## What you should do
Return exactly the lines from the "Nike One-tights til kvinder (plusstørrelse)" line through the last line of the entries below. Include no pictures.

## Data for this exercise

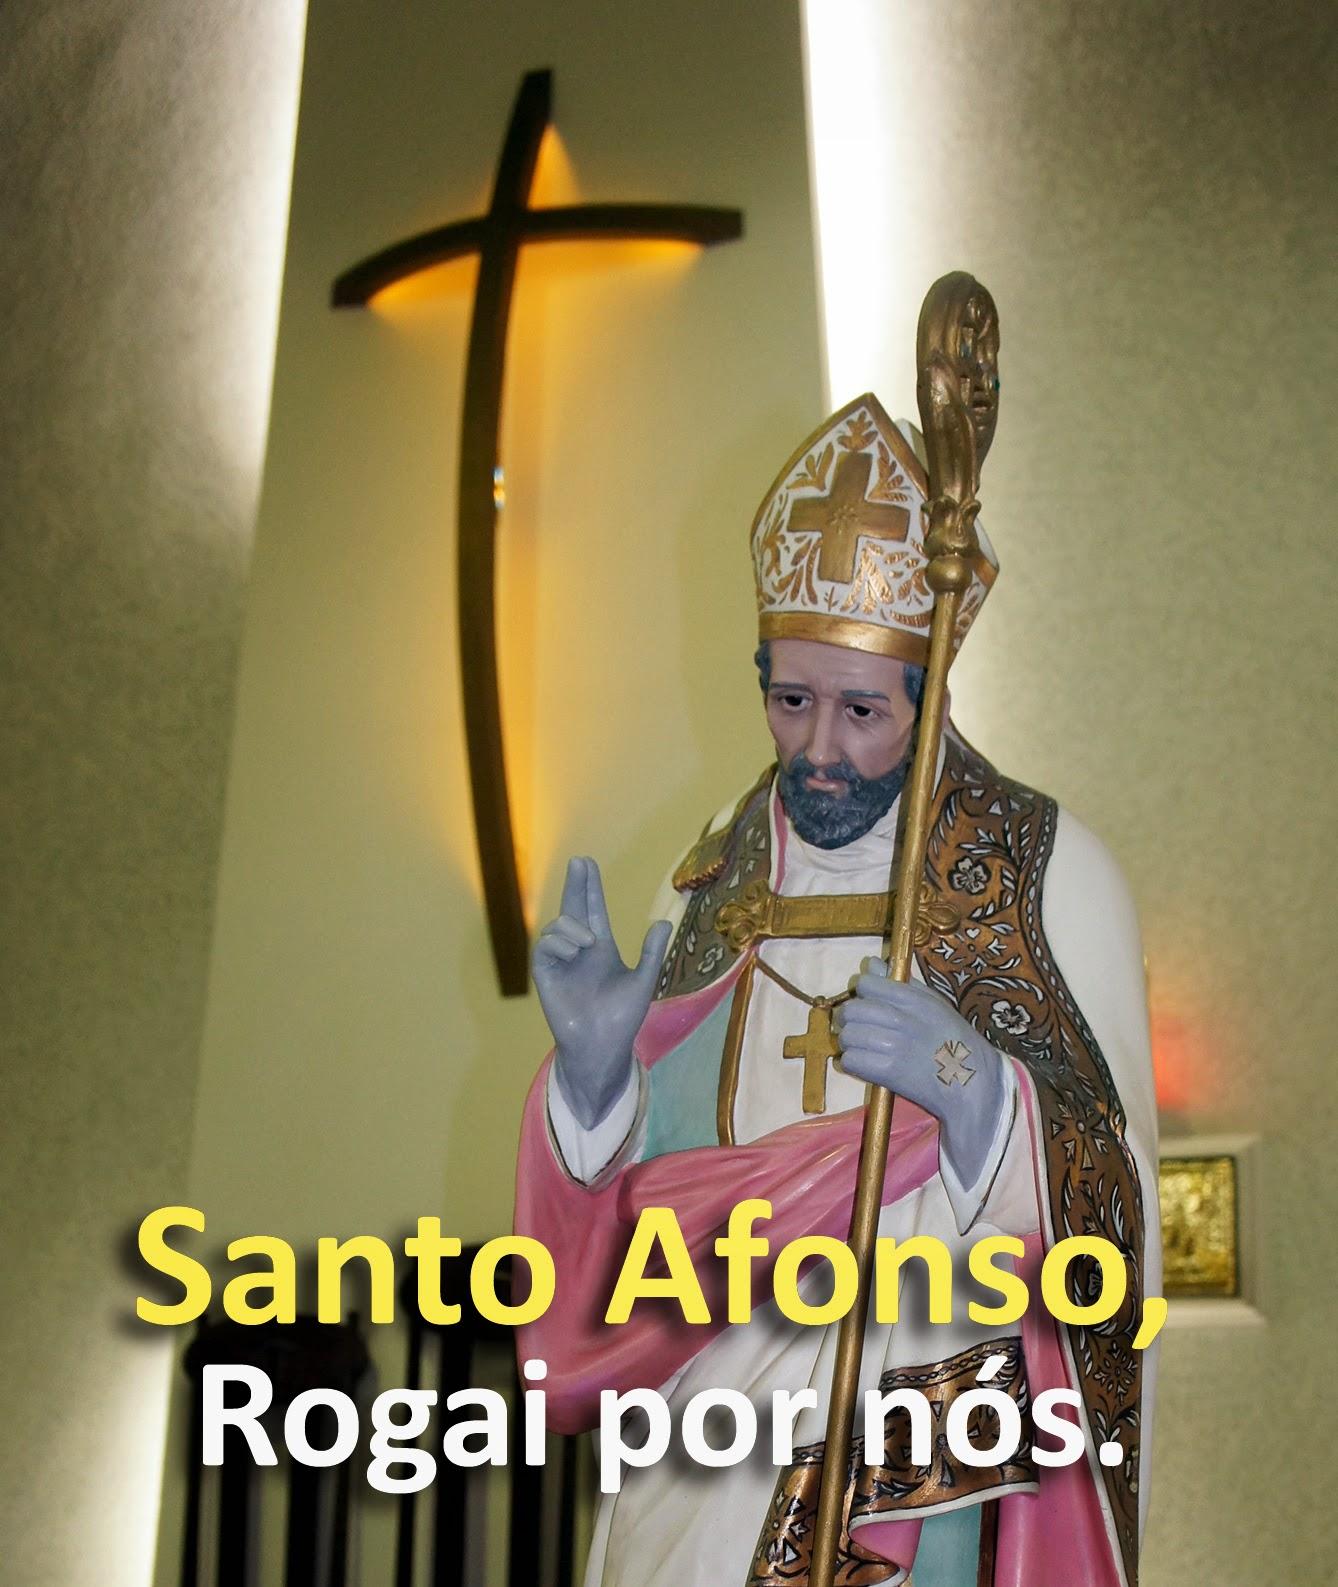 Paróquia de SANTO AFONSO
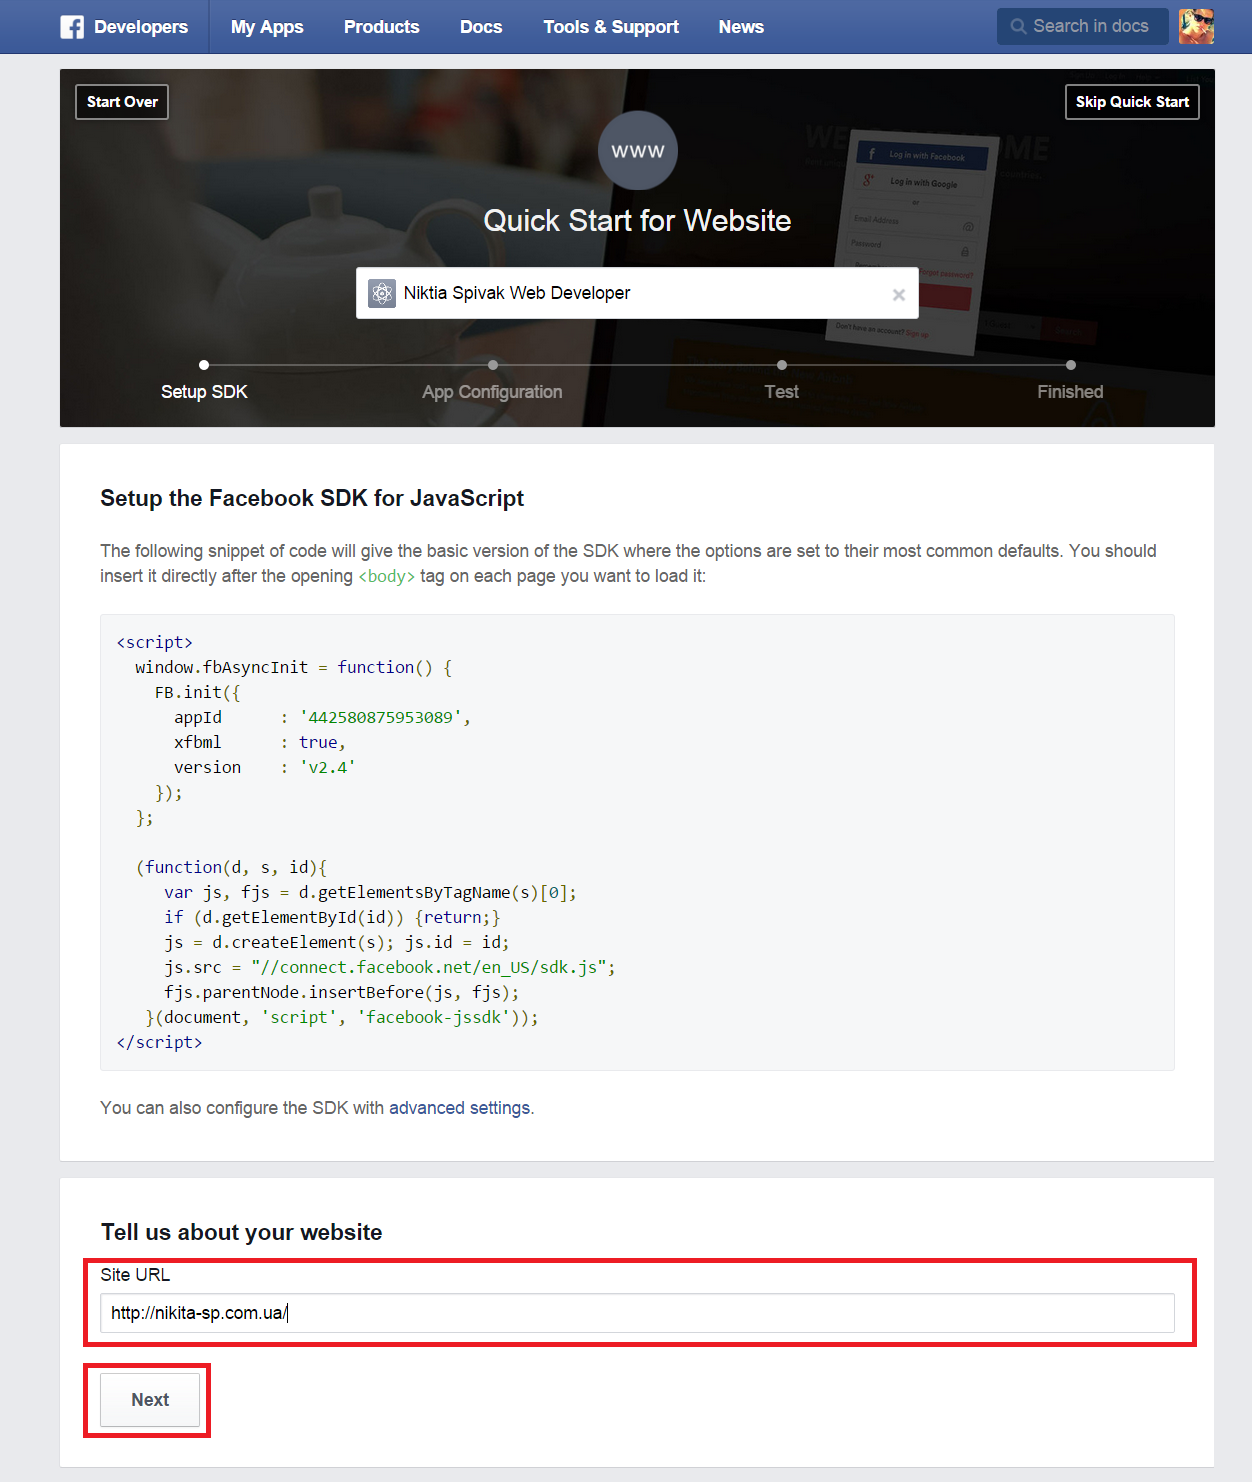 Создание приложений для авторизации через социальные сети - Facebook 4
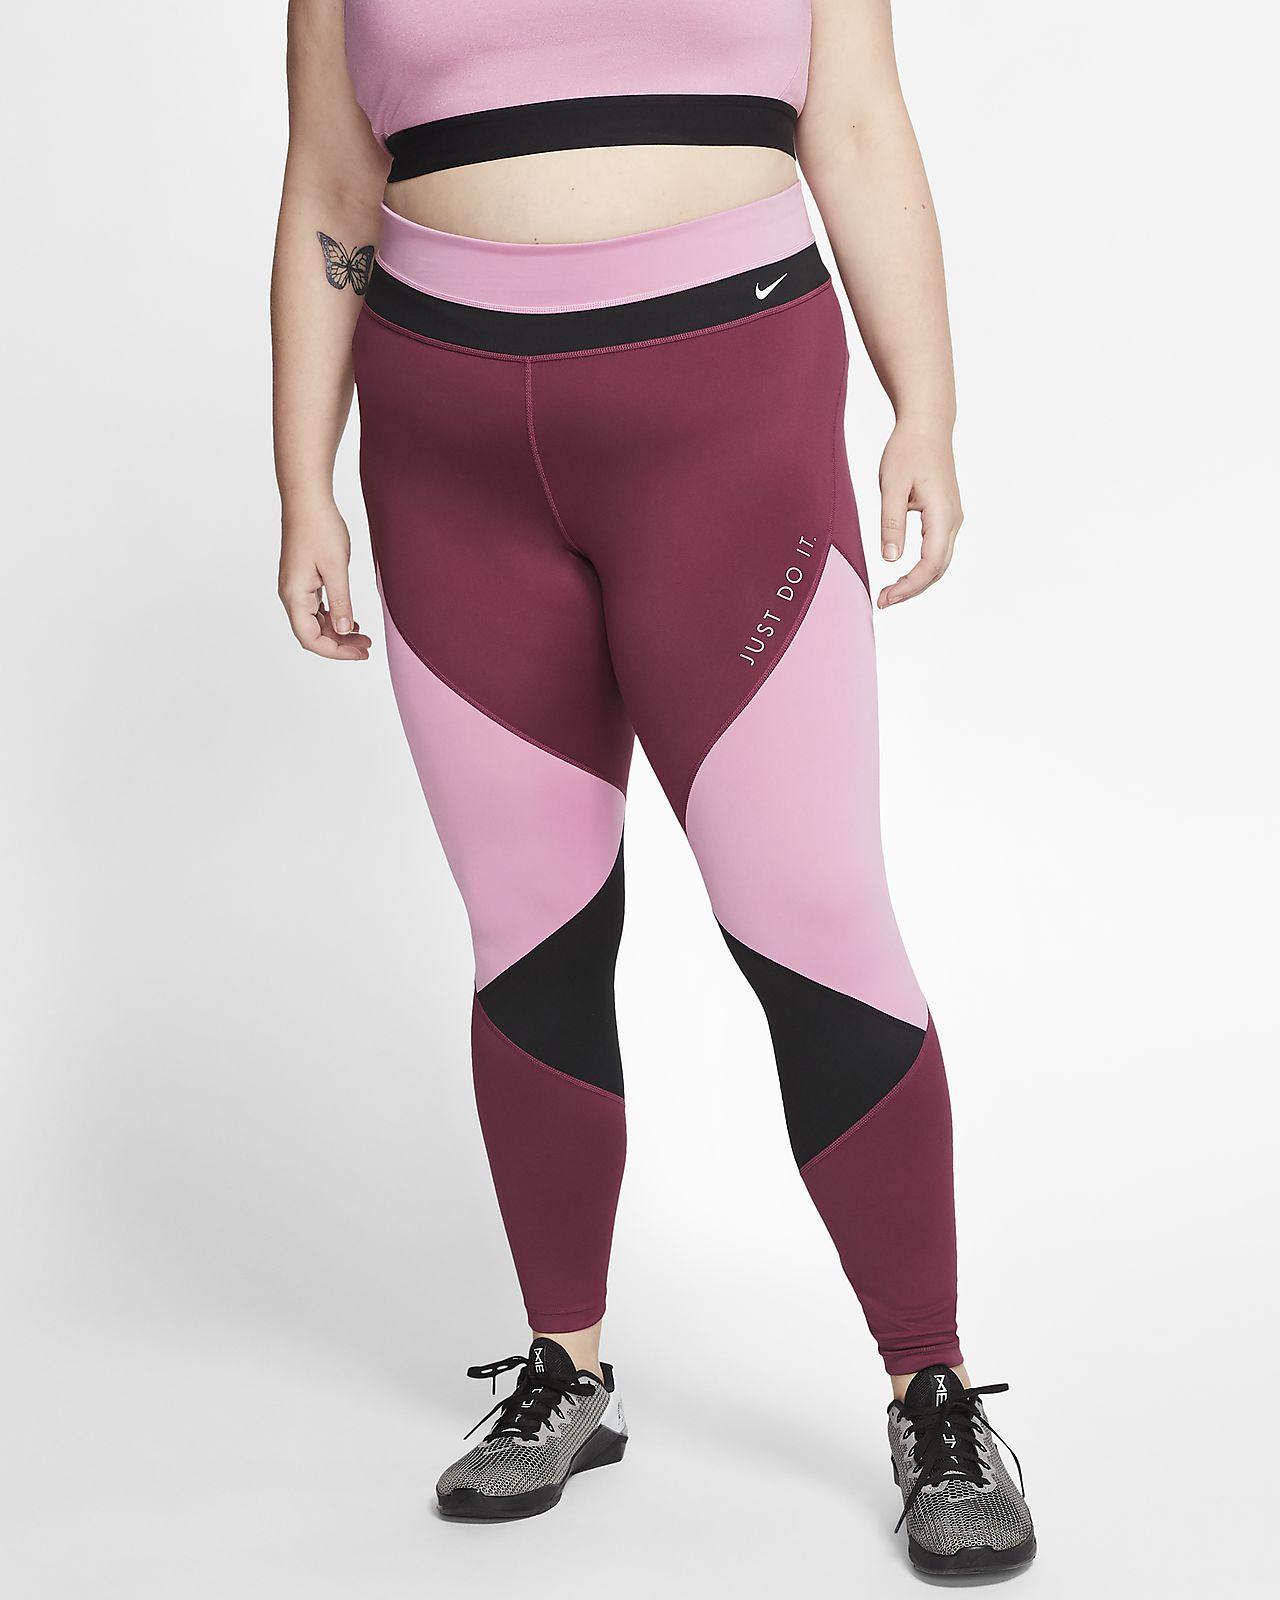 Nike One-tights til kvinder (plusstørrelse)
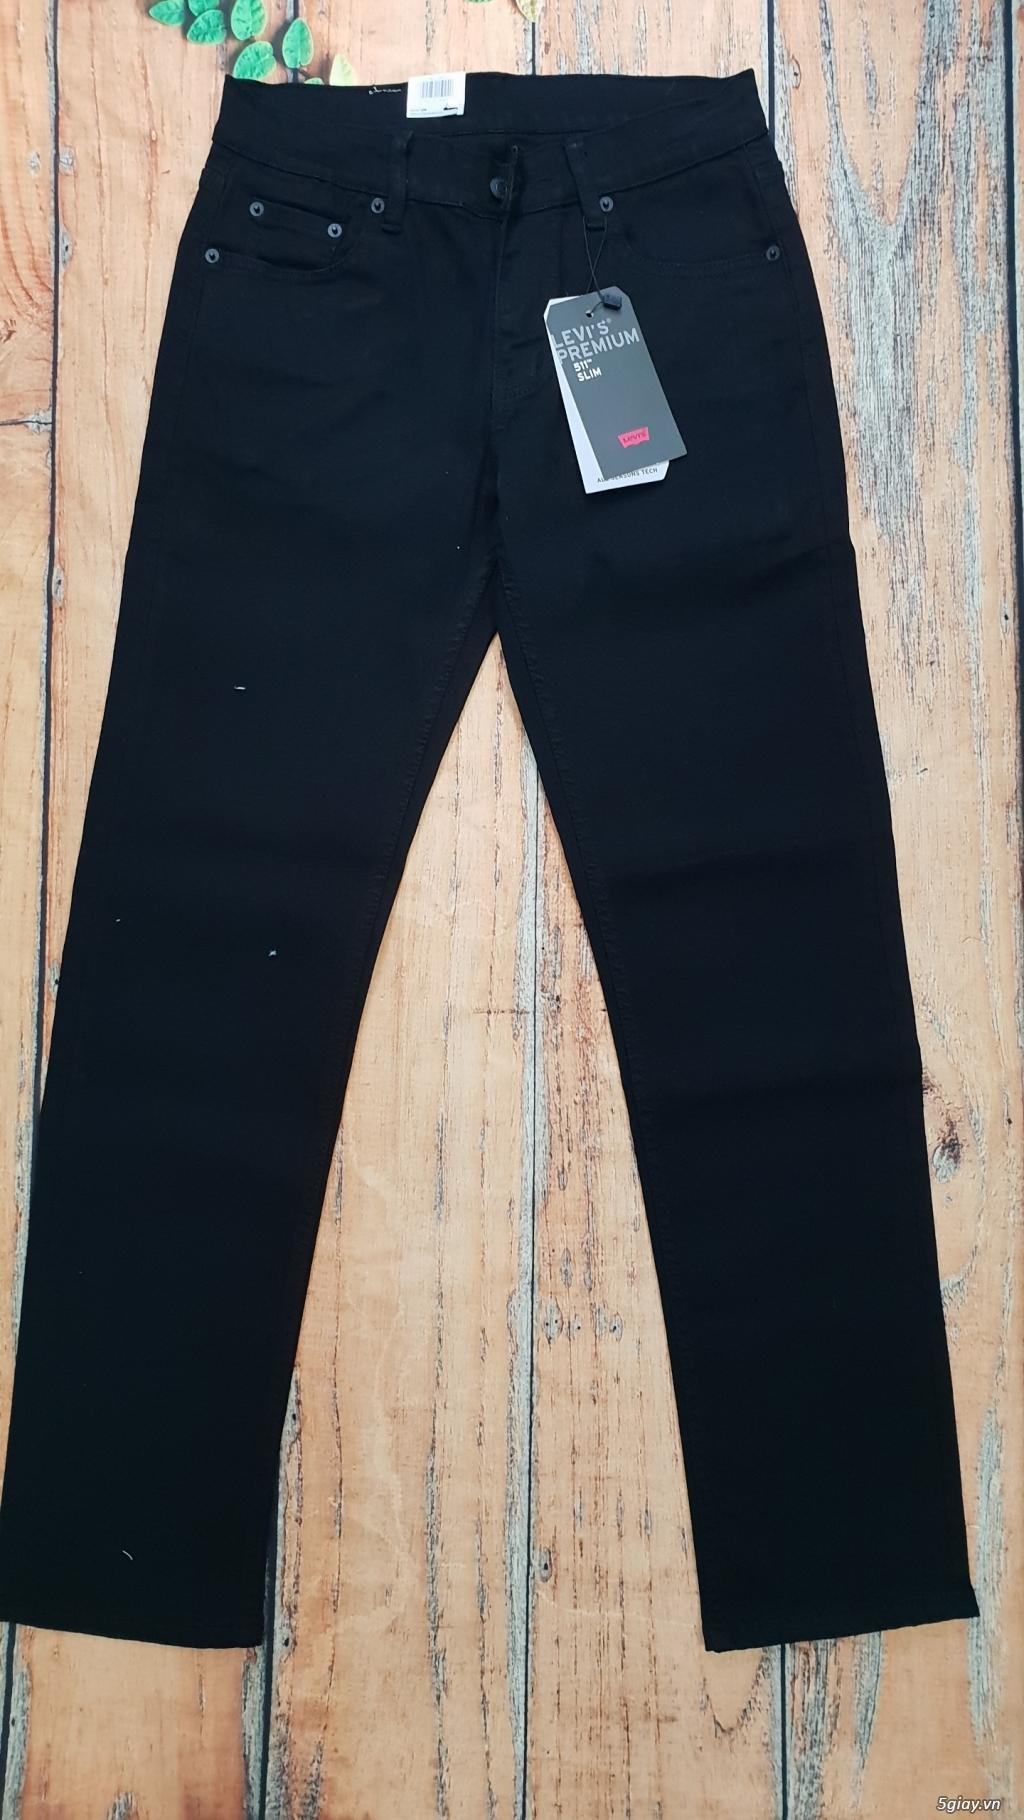 Chuyên bán quần jeans Nam Levi's 511 dáng xuông đủ màu đủ size - 4
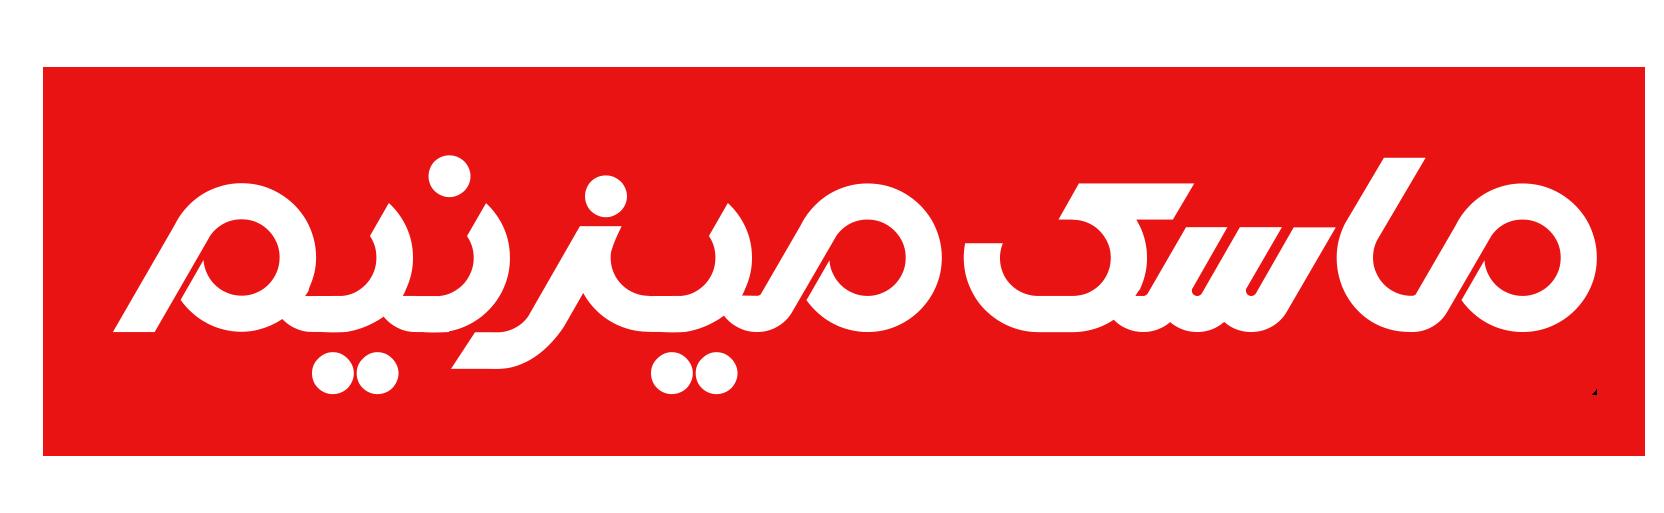 فونت تایپوگرافی فارسی مارال

## Result of the exercise
 Nike One-tights til kvinder (plusstørrelse)
 Chuyên bán quần jeans Nam Levi's 511 dáng xuông đủ màu đủ size - 4
 فونت تایپوگرافی فارسی مارال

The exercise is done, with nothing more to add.